• SUPPLIED MATERIAL:
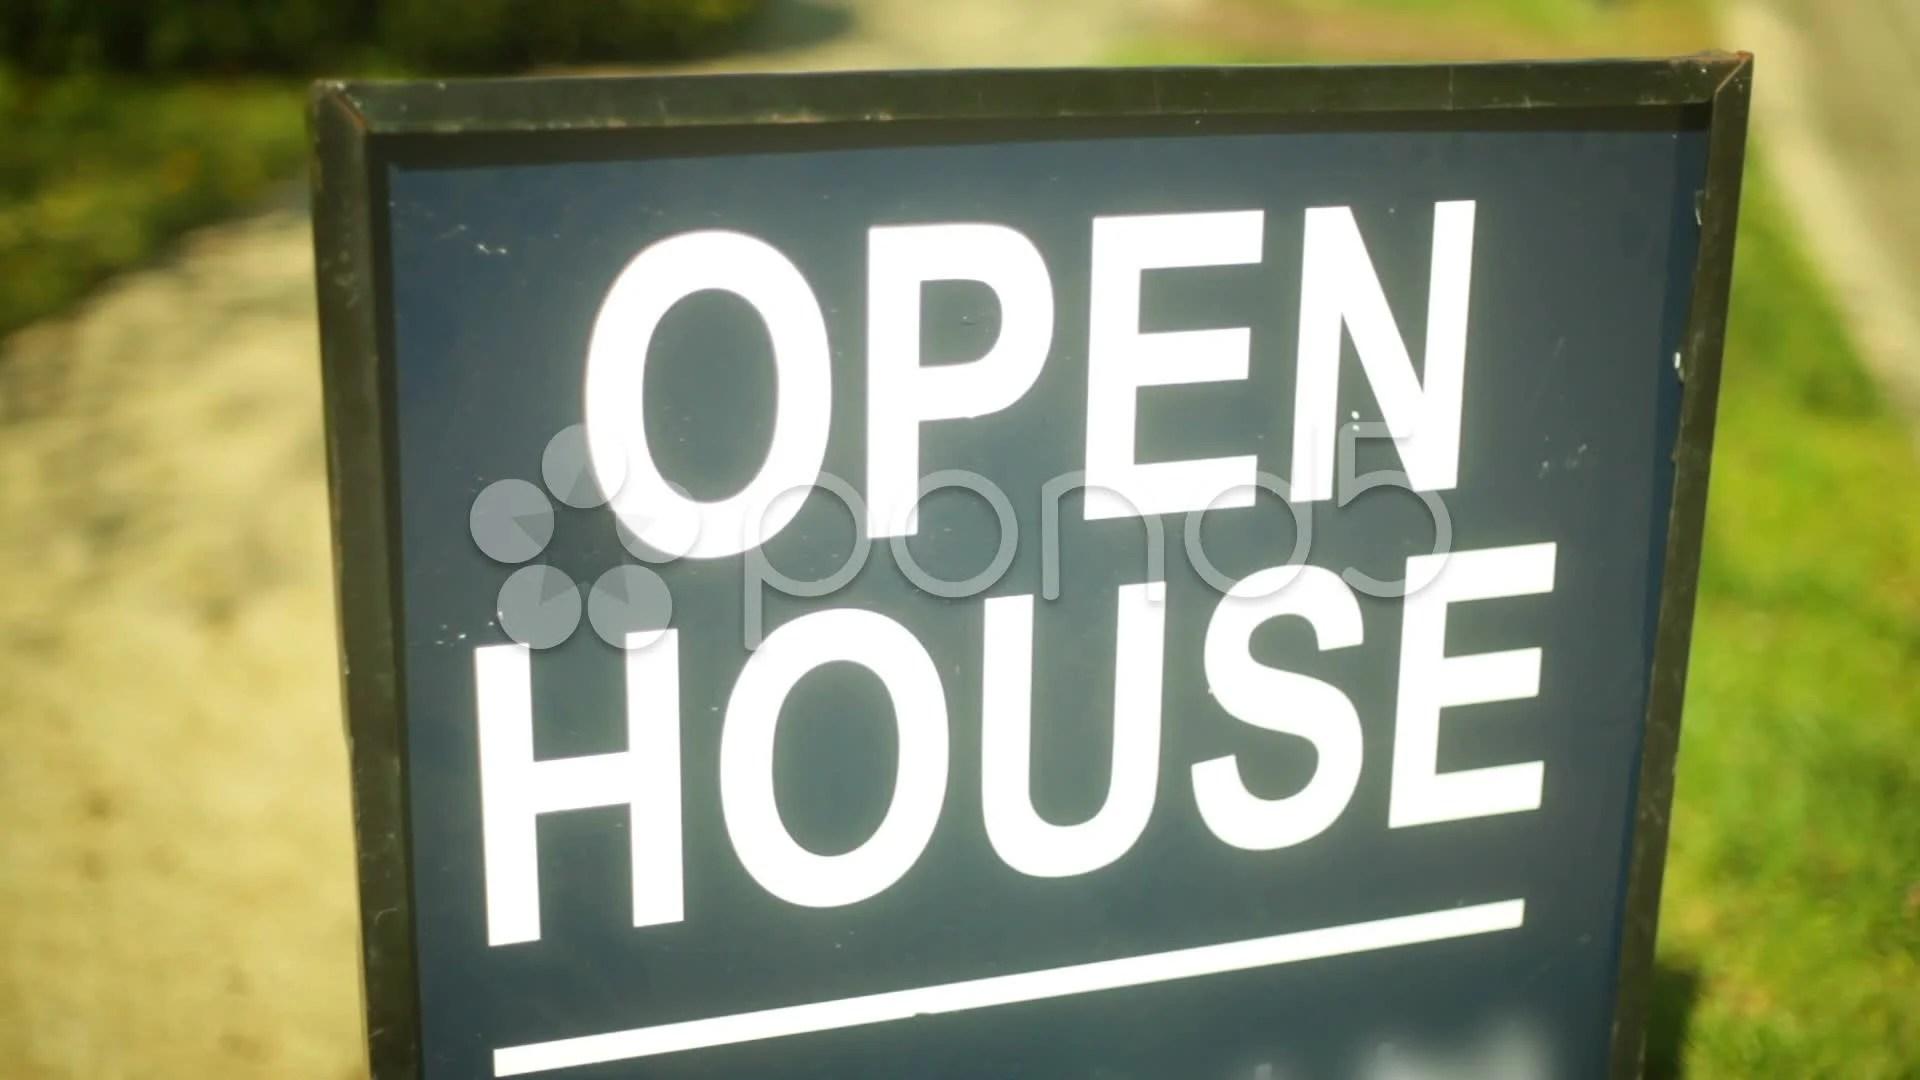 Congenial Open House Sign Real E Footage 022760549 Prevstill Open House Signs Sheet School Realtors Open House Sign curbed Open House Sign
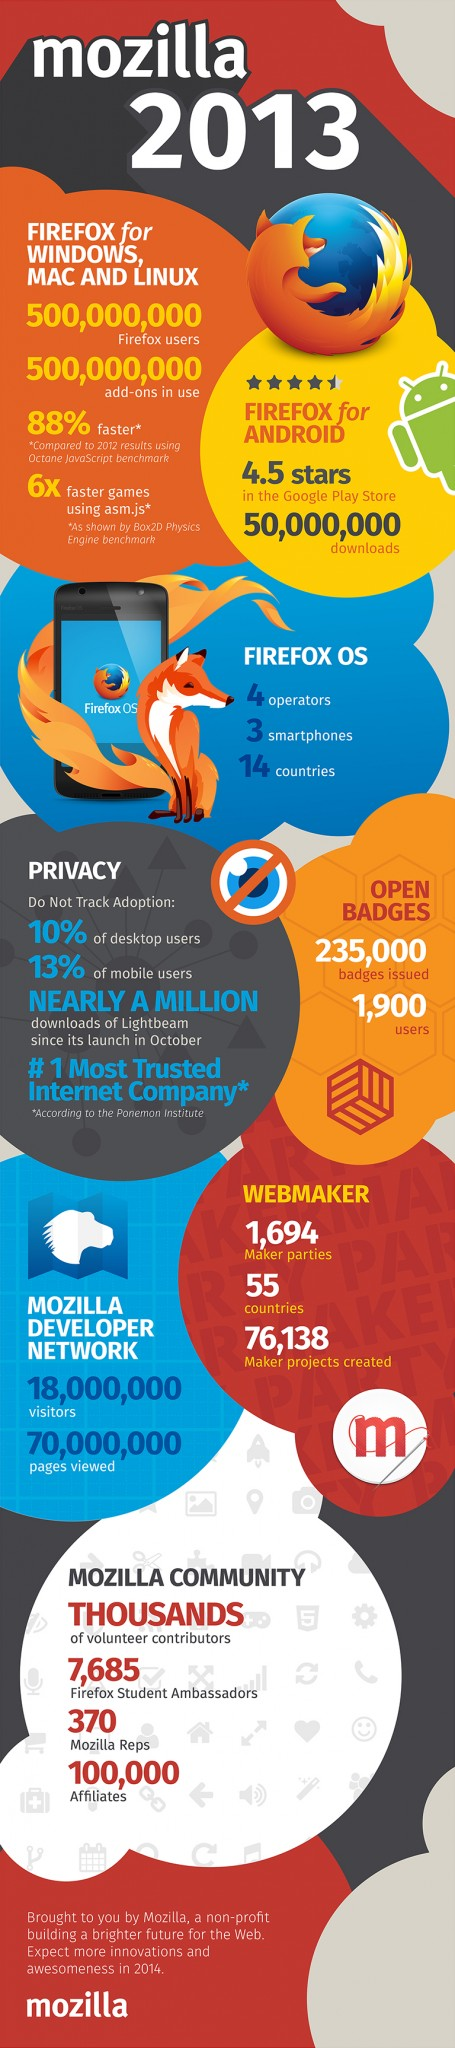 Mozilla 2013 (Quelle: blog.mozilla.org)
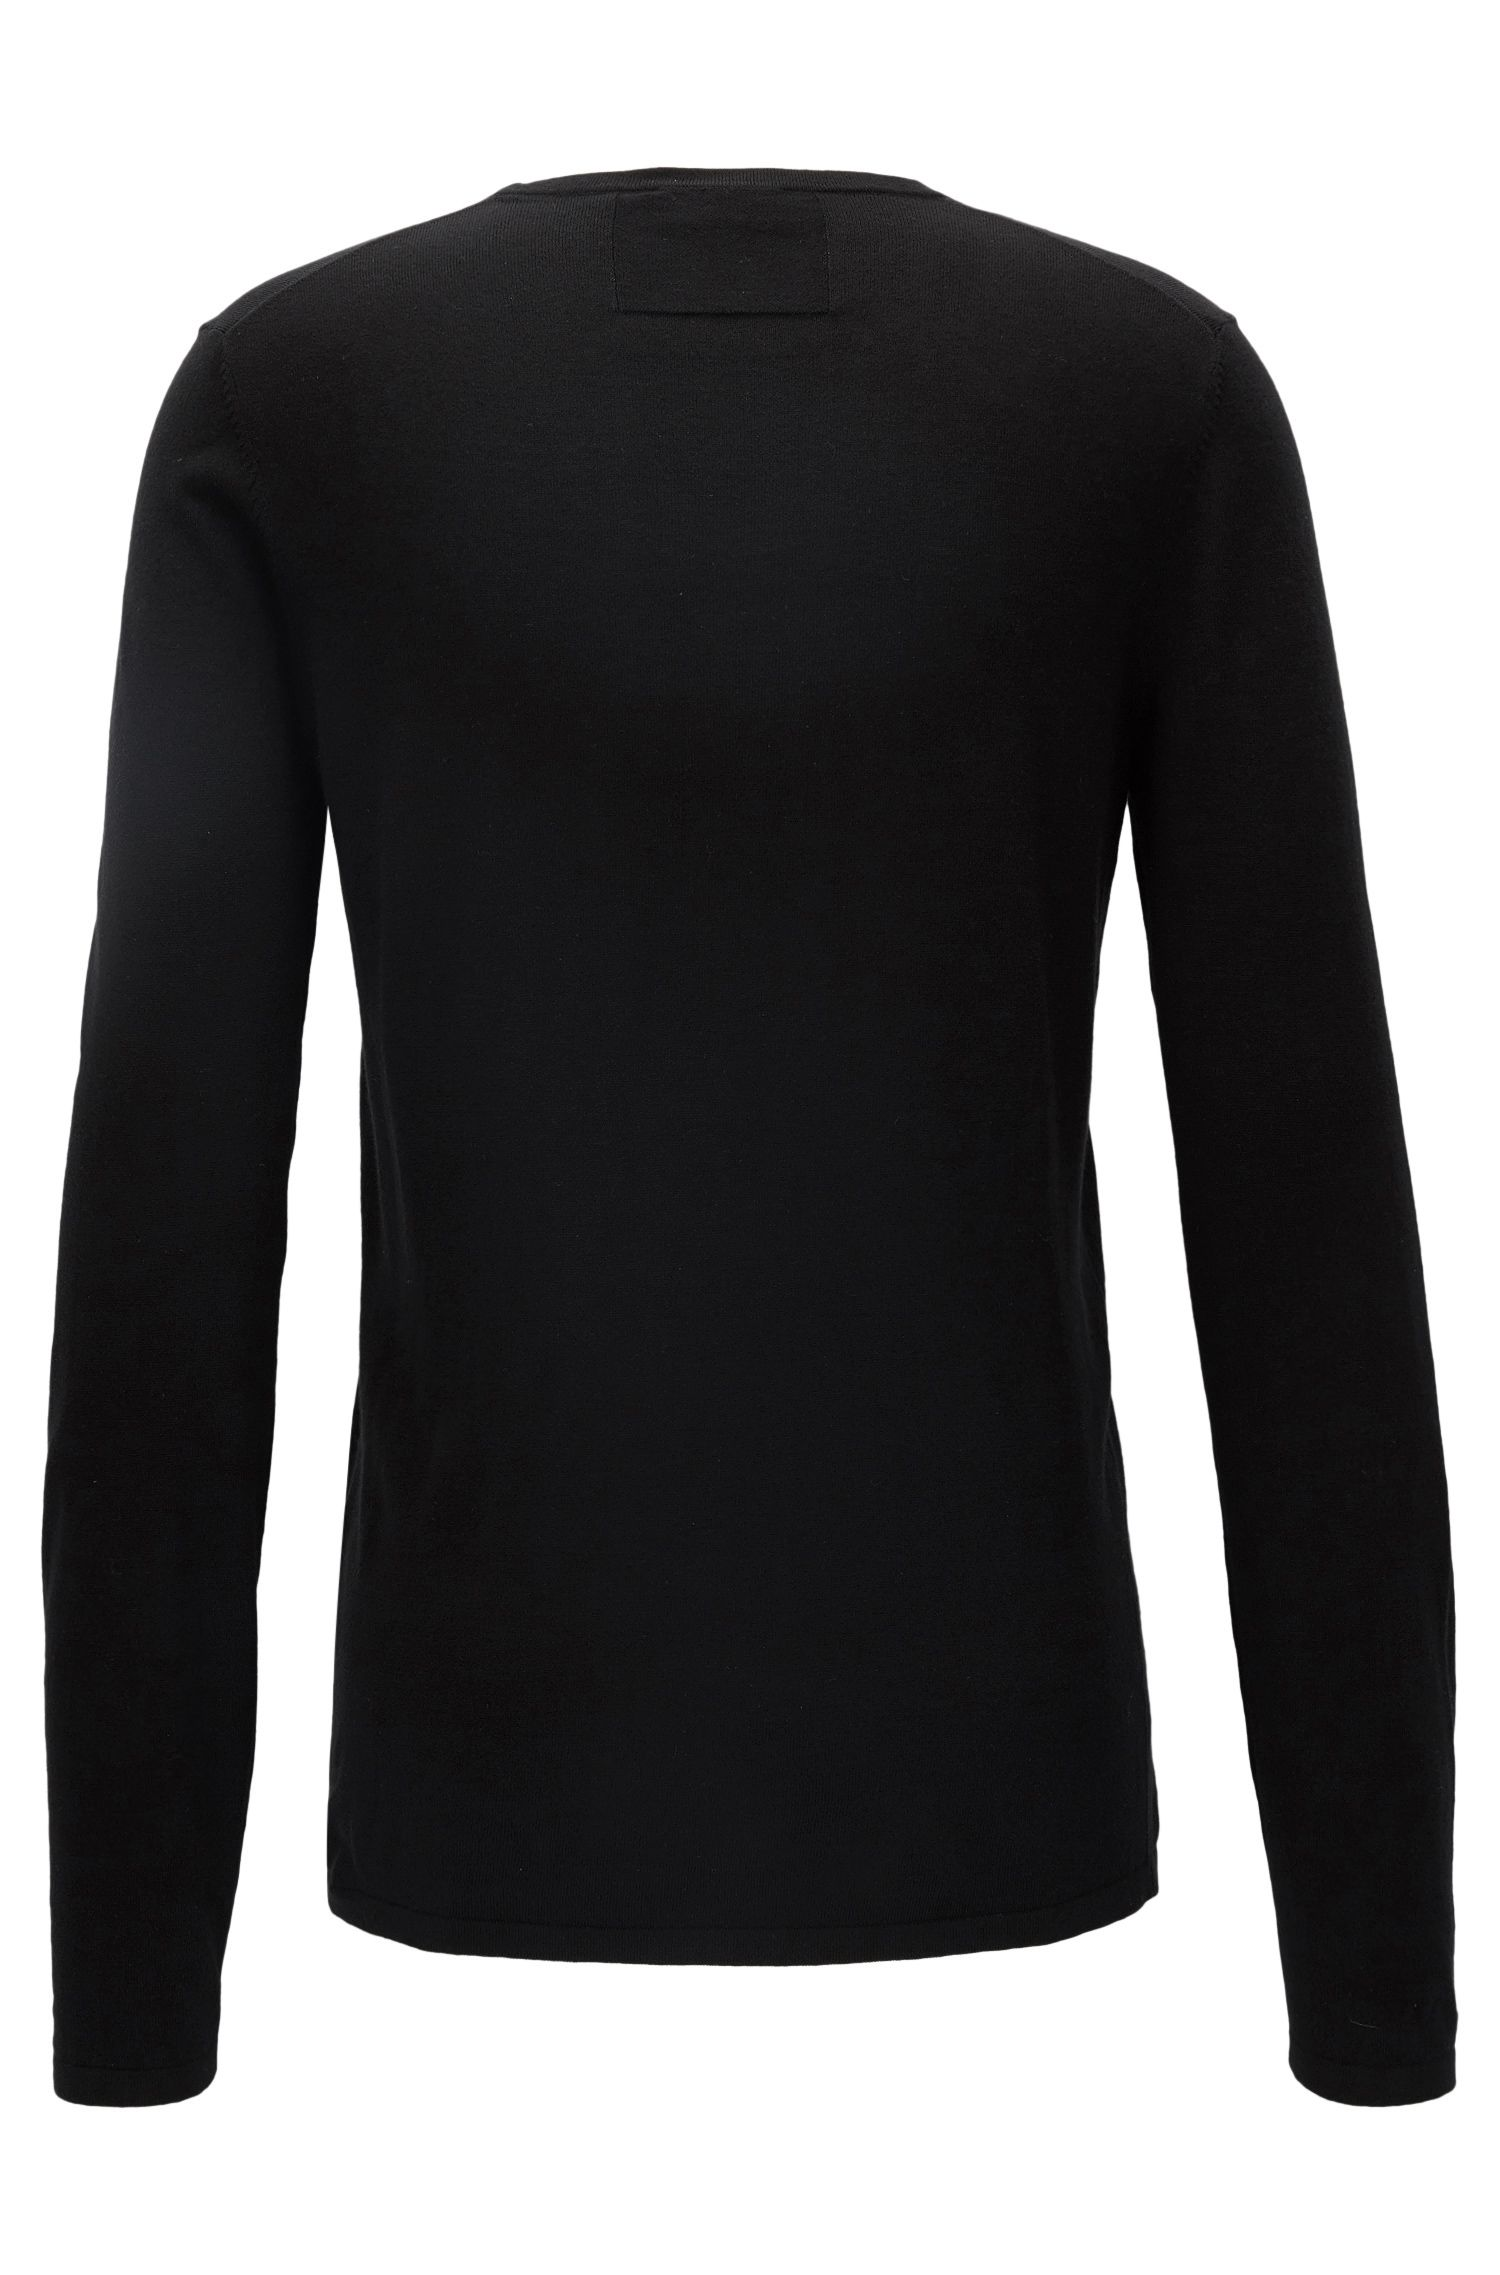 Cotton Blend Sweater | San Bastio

• WHAT IS BEING ASKED:
Keep the pictures out of the copy and write out the data exactly as it stands.

• RESULT OF THIS TASK:
 Congenial Open House Sign Real E Footage 022760549 Prevstill Open House Signs Sheet School Realtors Open House Sign curbed Open House Sign
 Mozilla 2013 (Quelle: blog.mozilla.org)
 Cotton Blend Sweater | San Bastio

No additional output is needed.